Величавые манекенщицы в нарядах парижских портных, на которых, пожалуй, было слишком много разноцветных украшений, чтобы они могли сойти за подлинно светских красавиц, которые выгуливали перед казино своих пекинесов с голубыми ленточками. Тщательно отутюженные английские лорды в инвалидных креслах обсуждали подагру, фунт стерлингов и дела империи. А внизу, в порту, стояли
Я откровенно завидовал владельцам прекрасных яхт и думал: на их месте я бы значительно умнее выбирал порты захода.
Попивая бренди с содой и стараясь не слушать гул несмолкаемых разговоров в кафе, я деловито представлял себе воображаемый тропический круиз, когда упорные улыбки моего соседа слева дали мне понять, что рядом со мной, наверное, находится какой-то знакомый. Я посмотрел на него вопросительно и нехотя ответил на его поклон. Судя по оливковой коже и огромной черной жемчужине в галстуке, скорее всего, он был восточным торговцем антиквариатом. Я решил: чем скорее развею его иллюзии относительно моего нынешнего финансового положения, тем лучше будет для нас обоих. Он встал и направился к моему столику, не переставая улыбаться. На его длинных и тонких смуглых пальцах я заметил несколько колец с рубинами и изумрудами.

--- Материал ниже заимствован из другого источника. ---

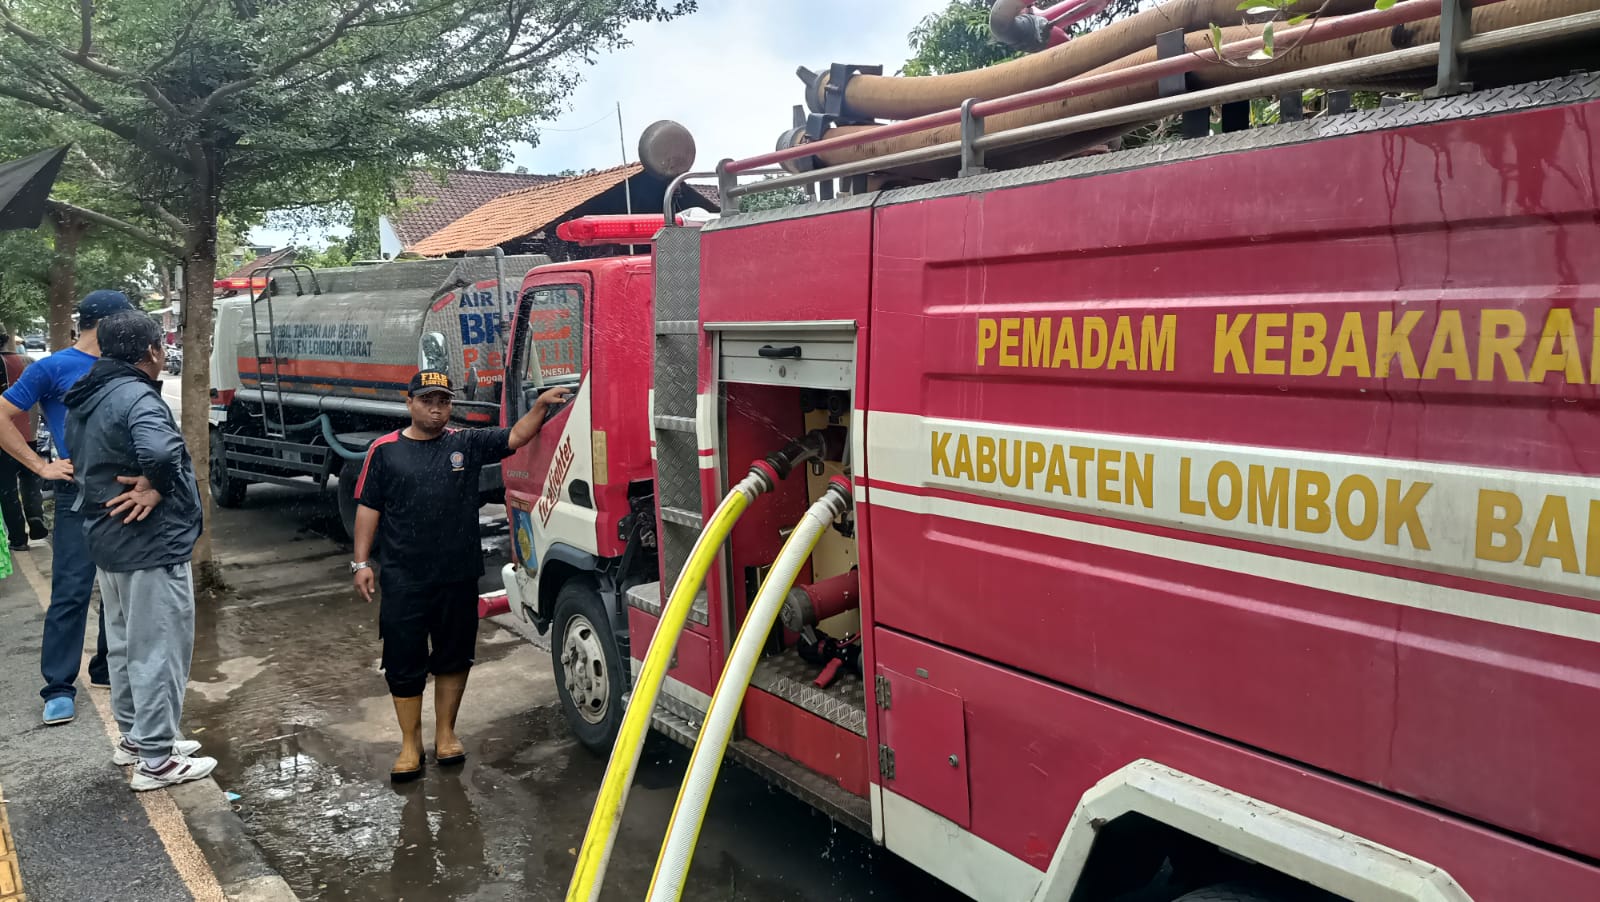 Kebakaran Rumah Dinas Guru di Gerung, Polisi dan Damkar Berupaya Padamkan Api
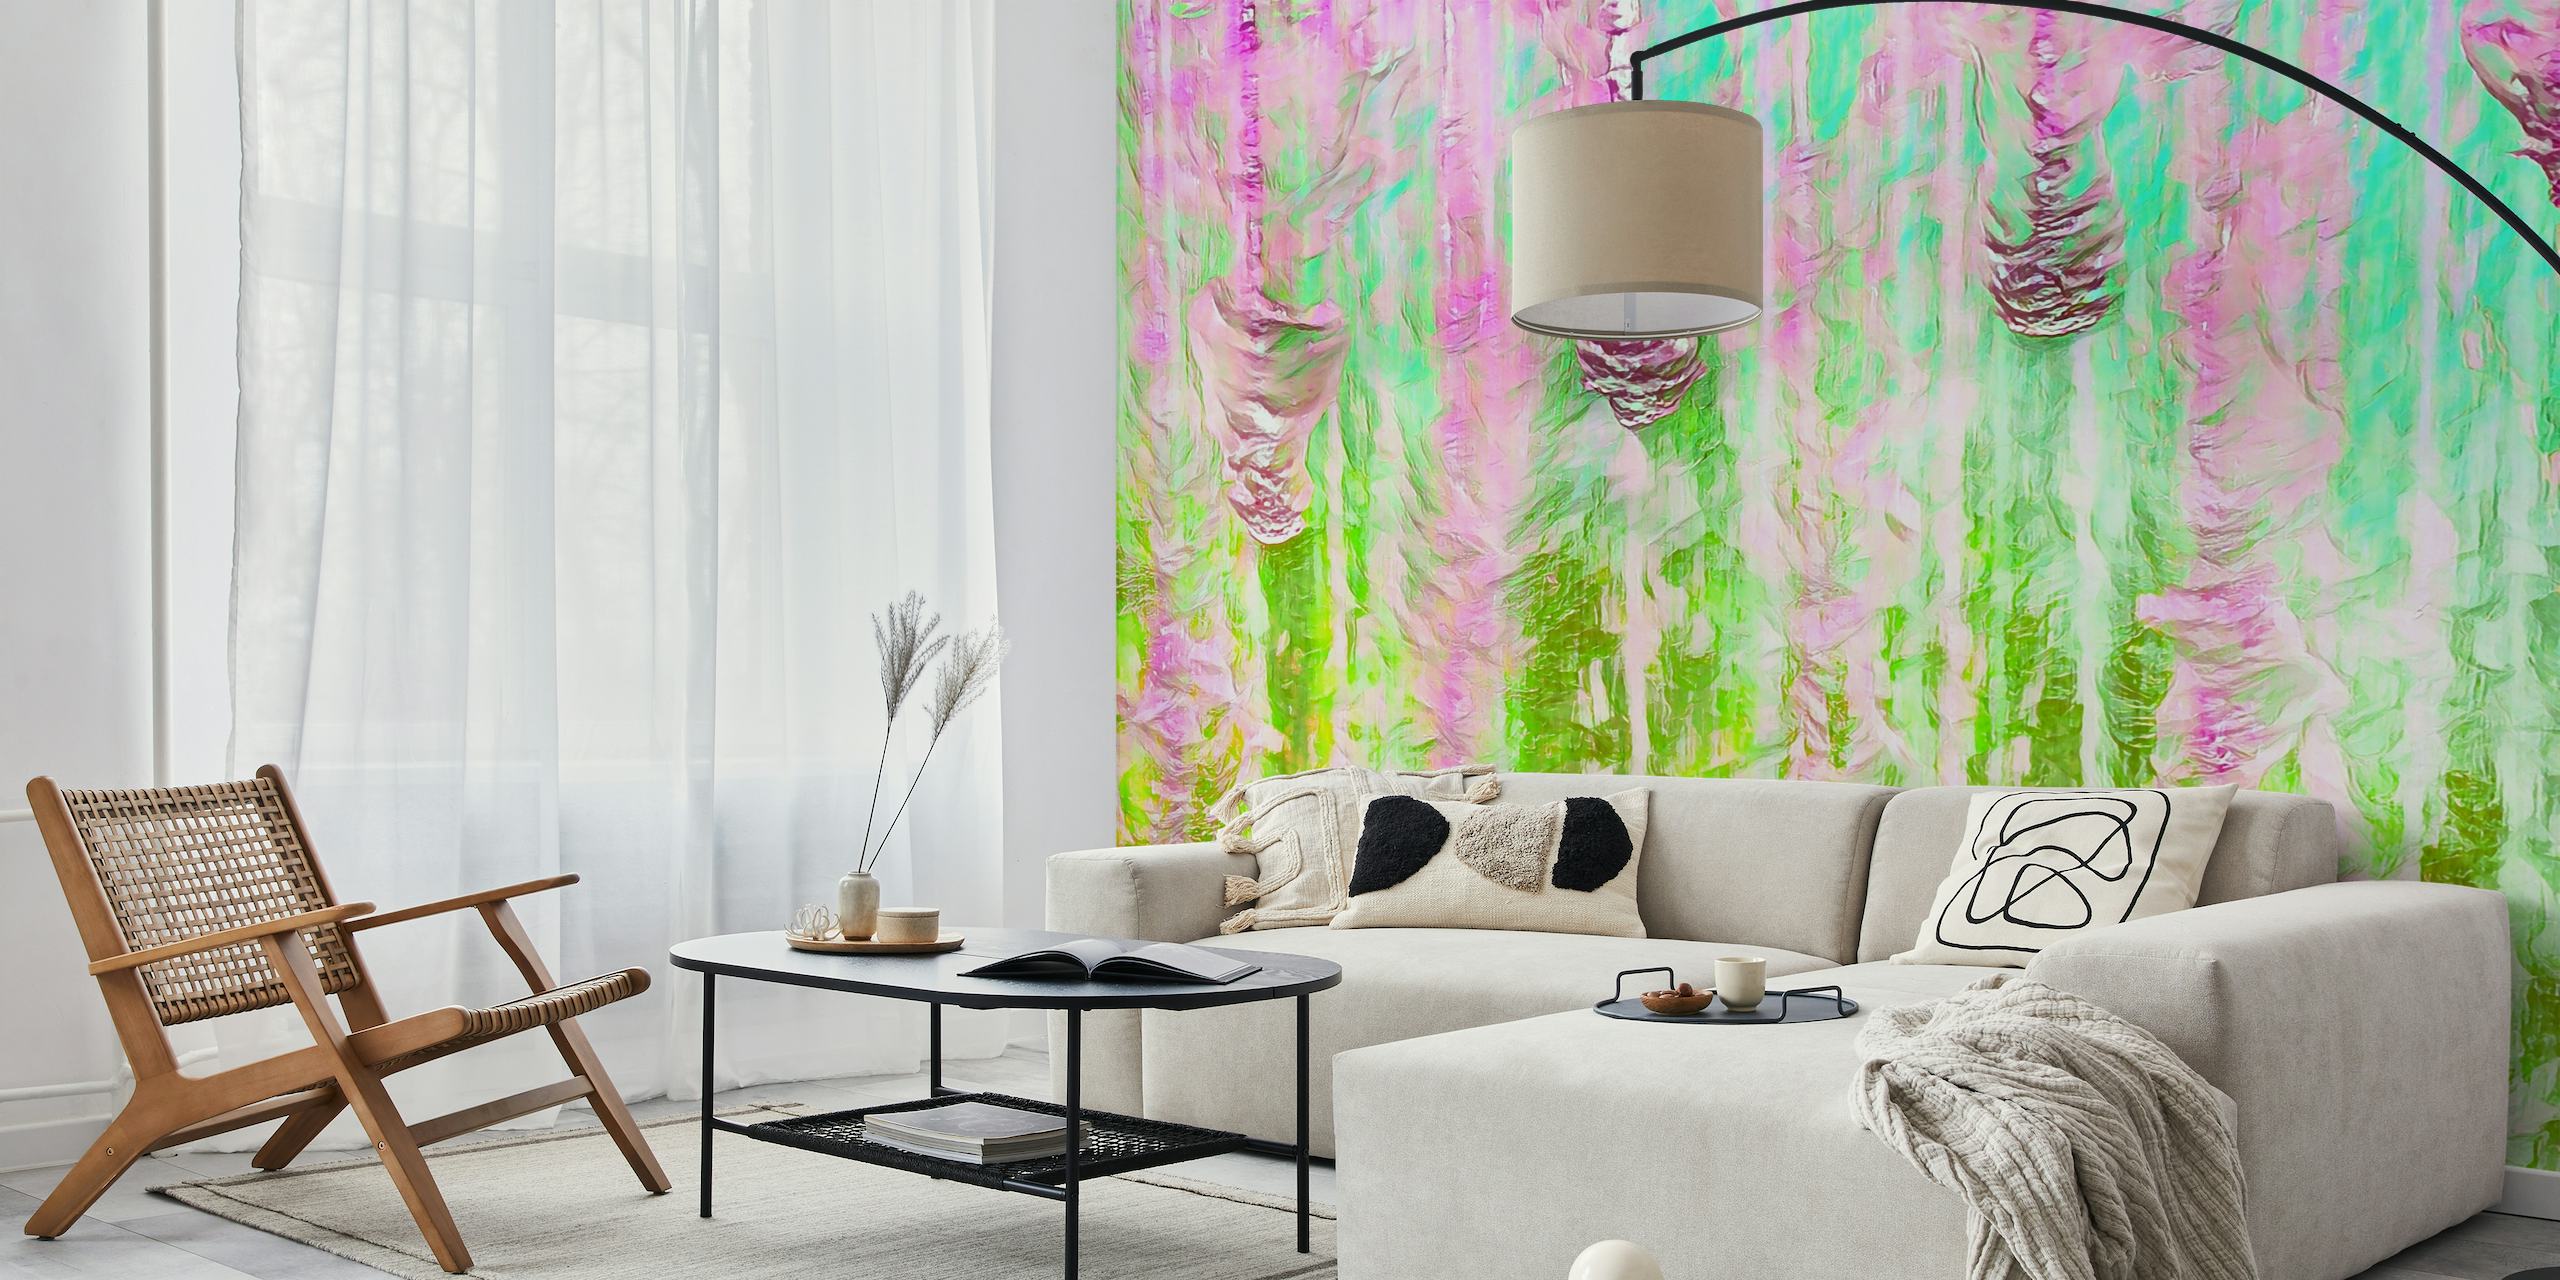 Papier peint mural abstrait coloré Happy Liquid Paint Flow avec des roses et des verts vibrants, créant un effet aquarelle fluide.

«Возможно, он торгует индийскими драгоценными камнями», – сказал я себе и приготовил лаконичную речь.
– Надеюсь, вы не рассердитесь, если я отниму у вашего императорского высочества несколько драгоценных минут, – начал он, останавливаясь передо мною и щелкая каблуками.
В переполненном кафе он выглядел так неуместно! Я тяжело вздохнул и решил, что опасность мне не грозит; никто, кроме восточных торговцев, не употребляет французский язык придворных восемнадцатого века.
– Не рассержусь, – с улыбкой ответил я, – по той простой причине, что, кроме времени, у меня больше нечего отнимать. Возможно, это вас огорчит, но такова ужасная правда.
Мой собеседник улыбнулся еще шире и заметил, что пропажа земных богатств увеличивает богатство даров, которыми нас наделил Господь.
– Конечно, старина, – добродушно согласился я, – но вряд ли представители вашей профессии могут предоставить скидку на чек, выписанный Его банком…
Какое-то время он стоял точно громом пораженный, но потом снова улыбнулся.
– Представители моей профессии, – тихо заметил он, – не интересуются чеками иного рода.
На сей раз я сдался.
– Садитесь, – покорно сказал я, – и попробуем обменять материальные ценности на нематериальные. Что у вас, изумруды или рубины?
Он покосился на столики вокруг и покачал головой.
– Предпочел бы получить аудиенцию наедине, у вас на квартире.
Его упорство меня озадачило. Должно быть, он величайший торговец Востока, раз обладает таким даром убеждения! Чтобы скорее закончить странный разговор, я объяснил, что у меня нет квартиры в Монте-Карло, что я сегодня же возвращаюсь в Эз и ему нет никакого смысла тратить на меня свое время.
Мои слова его, казалось, опечалили. Улыбка исчезла, и он замолчал. Я надеялся, что он встанет и уйдет.
– Не будет ли слишком большой дерзостью с моей стороны, – вдруг решительно заговорил он, глядя на меня своими черными глазками, – предложить монсеньору зайти ко мне в «Отель де Пари»?
– Послушайте, – не выдержал я, – разве вы не понимаете, что посещение ваших апартаментов лишь понапрасну отнимет время у нас обоих? Какими бы замечательными ни были ваши камни, у меня нет денег, чтобы их купить. Надеюсь, я выразился ясно?
– Вполне, – очень серьезно ответил мой собеседник, – и я только сейчас понял, что вы не шутите и в самом деле приняли меня за торговца камнями. Меня зовут Абуна Матеос. Я был уверен, что вы узнали меня, когда ответили на мой поклон…
Имя Абуна Матеос ничего для меня не значило, но при мысли о том, что я, возможно, оскорбил совершенно безобидного человека, я оставил попытки отделаться от него.
– Извините, пожалуйста, месье Матеос, – сказал я по возможности бодро, насколько это было возможно в моем положении, – но память у меня уже не та, что прежде. Должно быть, прошло немало времени с нашей последней встречи.
– Двадцать один год. Я имел честь обедать в вашем дворце в Санкт-Петербурге весной 1902 года.
Конечно, я кивнул, но пожалел, что не могу угадать хотя бы его национальность.